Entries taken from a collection
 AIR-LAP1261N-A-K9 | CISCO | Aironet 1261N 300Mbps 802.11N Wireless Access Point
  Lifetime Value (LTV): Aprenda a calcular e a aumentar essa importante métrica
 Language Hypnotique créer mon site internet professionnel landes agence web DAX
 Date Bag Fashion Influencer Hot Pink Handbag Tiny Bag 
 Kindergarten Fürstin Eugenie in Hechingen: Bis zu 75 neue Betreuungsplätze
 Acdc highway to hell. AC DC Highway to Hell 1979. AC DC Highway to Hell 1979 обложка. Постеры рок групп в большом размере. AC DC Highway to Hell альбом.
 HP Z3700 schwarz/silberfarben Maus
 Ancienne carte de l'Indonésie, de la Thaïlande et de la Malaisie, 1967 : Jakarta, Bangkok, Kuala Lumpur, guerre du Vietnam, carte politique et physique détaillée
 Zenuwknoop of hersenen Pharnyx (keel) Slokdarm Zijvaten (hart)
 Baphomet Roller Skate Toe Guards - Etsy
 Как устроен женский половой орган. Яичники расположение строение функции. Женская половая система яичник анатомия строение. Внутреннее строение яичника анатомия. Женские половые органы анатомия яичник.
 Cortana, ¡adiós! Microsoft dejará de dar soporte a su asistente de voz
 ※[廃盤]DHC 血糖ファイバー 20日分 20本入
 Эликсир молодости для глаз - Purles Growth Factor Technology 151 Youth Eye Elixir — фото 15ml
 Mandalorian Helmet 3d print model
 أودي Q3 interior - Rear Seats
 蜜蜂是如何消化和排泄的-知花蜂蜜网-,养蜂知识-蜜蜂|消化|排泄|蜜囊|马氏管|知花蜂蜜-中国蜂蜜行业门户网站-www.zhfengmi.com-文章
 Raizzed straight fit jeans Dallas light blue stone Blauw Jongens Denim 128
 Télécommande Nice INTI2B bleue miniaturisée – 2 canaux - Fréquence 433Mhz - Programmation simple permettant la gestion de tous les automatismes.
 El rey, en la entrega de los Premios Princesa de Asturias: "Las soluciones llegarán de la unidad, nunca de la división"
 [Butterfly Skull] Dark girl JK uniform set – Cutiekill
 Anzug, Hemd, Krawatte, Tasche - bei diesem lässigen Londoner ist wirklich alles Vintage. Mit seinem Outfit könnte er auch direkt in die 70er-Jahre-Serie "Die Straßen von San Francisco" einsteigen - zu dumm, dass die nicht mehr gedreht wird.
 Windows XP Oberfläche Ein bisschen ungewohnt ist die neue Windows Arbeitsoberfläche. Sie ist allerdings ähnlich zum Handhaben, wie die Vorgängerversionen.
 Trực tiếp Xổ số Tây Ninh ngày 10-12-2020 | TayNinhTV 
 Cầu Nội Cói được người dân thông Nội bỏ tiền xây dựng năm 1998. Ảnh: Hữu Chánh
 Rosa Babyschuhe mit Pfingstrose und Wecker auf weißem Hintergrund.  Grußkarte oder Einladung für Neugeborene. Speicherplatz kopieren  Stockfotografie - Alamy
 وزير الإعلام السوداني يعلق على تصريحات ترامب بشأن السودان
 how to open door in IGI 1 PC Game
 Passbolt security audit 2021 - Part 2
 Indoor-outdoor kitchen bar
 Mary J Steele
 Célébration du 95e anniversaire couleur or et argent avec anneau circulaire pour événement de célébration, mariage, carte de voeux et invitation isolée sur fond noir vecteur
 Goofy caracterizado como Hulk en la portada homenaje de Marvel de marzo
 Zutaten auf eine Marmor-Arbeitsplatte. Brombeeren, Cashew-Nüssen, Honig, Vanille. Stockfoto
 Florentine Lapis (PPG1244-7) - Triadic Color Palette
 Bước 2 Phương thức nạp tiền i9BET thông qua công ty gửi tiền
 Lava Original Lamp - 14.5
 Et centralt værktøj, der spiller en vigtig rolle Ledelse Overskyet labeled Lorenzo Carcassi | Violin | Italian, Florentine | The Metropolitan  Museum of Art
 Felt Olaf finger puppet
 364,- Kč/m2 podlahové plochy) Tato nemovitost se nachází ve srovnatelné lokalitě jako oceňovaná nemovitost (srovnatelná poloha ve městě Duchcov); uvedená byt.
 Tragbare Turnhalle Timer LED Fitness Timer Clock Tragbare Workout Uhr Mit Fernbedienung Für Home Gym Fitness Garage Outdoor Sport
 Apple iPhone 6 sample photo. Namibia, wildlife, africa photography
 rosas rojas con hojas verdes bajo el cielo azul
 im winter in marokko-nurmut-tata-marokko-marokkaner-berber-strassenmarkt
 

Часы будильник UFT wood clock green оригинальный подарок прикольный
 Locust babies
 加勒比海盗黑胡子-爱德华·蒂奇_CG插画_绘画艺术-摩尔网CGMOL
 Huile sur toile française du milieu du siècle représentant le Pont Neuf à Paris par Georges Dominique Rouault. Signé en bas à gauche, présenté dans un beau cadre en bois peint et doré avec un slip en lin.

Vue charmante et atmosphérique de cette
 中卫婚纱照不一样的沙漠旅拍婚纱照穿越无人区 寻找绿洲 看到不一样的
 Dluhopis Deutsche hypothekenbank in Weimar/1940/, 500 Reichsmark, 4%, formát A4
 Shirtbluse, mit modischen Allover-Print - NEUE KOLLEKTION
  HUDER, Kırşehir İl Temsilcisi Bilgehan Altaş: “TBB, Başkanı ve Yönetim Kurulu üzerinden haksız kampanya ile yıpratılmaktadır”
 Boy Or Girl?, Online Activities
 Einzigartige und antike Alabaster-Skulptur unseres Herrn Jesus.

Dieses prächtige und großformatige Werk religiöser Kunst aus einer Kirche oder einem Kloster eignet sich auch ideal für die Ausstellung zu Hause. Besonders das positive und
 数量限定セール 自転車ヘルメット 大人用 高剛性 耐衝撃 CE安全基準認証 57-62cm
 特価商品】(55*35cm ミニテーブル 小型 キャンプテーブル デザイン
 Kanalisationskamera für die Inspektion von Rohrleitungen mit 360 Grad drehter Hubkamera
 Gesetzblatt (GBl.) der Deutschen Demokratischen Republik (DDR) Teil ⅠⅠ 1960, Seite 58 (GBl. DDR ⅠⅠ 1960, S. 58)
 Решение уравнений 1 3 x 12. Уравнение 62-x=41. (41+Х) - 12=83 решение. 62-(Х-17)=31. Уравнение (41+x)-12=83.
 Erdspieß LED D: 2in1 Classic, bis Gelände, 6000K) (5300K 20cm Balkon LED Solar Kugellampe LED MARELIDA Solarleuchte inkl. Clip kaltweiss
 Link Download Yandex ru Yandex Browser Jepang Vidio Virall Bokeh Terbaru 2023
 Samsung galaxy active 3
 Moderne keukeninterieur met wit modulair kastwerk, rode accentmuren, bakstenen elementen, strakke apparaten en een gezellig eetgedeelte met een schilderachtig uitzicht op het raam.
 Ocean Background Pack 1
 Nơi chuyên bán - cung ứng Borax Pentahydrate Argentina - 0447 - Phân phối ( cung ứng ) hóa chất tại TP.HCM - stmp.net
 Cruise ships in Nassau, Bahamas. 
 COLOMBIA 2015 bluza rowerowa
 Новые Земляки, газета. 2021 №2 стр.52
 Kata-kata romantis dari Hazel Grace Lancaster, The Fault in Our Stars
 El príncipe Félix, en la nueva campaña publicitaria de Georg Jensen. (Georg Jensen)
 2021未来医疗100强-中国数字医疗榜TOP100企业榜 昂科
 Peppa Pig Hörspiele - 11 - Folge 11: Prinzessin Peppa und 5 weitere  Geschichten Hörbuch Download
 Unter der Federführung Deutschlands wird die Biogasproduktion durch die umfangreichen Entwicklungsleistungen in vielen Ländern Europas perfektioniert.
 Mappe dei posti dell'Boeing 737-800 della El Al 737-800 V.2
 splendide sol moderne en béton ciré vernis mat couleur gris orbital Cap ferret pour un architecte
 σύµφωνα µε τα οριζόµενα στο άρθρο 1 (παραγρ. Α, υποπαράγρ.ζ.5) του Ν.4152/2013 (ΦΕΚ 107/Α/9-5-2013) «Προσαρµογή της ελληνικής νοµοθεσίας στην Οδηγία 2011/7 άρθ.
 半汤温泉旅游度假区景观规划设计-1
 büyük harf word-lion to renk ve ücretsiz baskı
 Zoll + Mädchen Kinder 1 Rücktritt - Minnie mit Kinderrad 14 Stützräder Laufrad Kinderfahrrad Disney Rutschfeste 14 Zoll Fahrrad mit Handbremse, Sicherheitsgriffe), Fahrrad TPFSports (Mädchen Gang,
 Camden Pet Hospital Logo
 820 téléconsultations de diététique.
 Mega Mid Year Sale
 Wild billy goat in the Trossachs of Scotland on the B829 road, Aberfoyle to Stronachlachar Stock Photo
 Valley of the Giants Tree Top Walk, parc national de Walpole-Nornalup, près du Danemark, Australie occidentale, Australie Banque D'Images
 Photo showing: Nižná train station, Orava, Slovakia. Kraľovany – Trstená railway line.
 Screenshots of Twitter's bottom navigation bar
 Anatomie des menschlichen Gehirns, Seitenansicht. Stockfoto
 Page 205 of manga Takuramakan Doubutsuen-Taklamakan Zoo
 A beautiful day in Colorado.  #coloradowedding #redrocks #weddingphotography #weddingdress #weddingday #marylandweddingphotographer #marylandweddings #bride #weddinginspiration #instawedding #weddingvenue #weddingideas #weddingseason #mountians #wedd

Problem statement: Transcribe the records above exactly, from the opening line down to and including the line with "血糖ファイバー 20日分 20本入".

Output of the exercise:
 AIR-LAP1261N-A-K9 | CISCO | Aironet 1261N 300Mbps 802.11N Wireless Access Point
  Lifetime Value (LTV): Aprenda a calcular e a aumentar essa importante métrica
 Language Hypnotique créer mon site internet professionnel landes agence web DAX
 Date Bag Fashion Influencer Hot Pink Handbag Tiny Bag 
 Kindergarten Fürstin Eugenie in Hechingen: Bis zu 75 neue Betreuungsplätze
 Acdc highway to hell. AC DC Highway to Hell 1979. AC DC Highway to Hell 1979 обложка. Постеры рок групп в большом размере. AC DC Highway to Hell альбом.
 HP Z3700 schwarz/silberfarben Maus
 Ancienne carte de l'Indonésie, de la Thaïlande et de la Malaisie, 1967 : Jakarta, Bangkok, Kuala Lumpur, guerre du Vietnam, carte politique et physique détaillée
 Zenuwknoop of hersenen Pharnyx (keel) Slokdarm Zijvaten (hart)
 Baphomet Roller Skate Toe Guards - Etsy
 Как устроен женский половой орган. Яичники расположение строение функции. Женская половая система яичник анатомия строение. Внутреннее строение яичника анатомия. Женские половые органы анатомия яичник.
 Cortana, ¡adiós! Microsoft dejará de dar soporte a su asistente de voz
 ※[廃盤]DHC 血糖ファイバー 20日分 20本入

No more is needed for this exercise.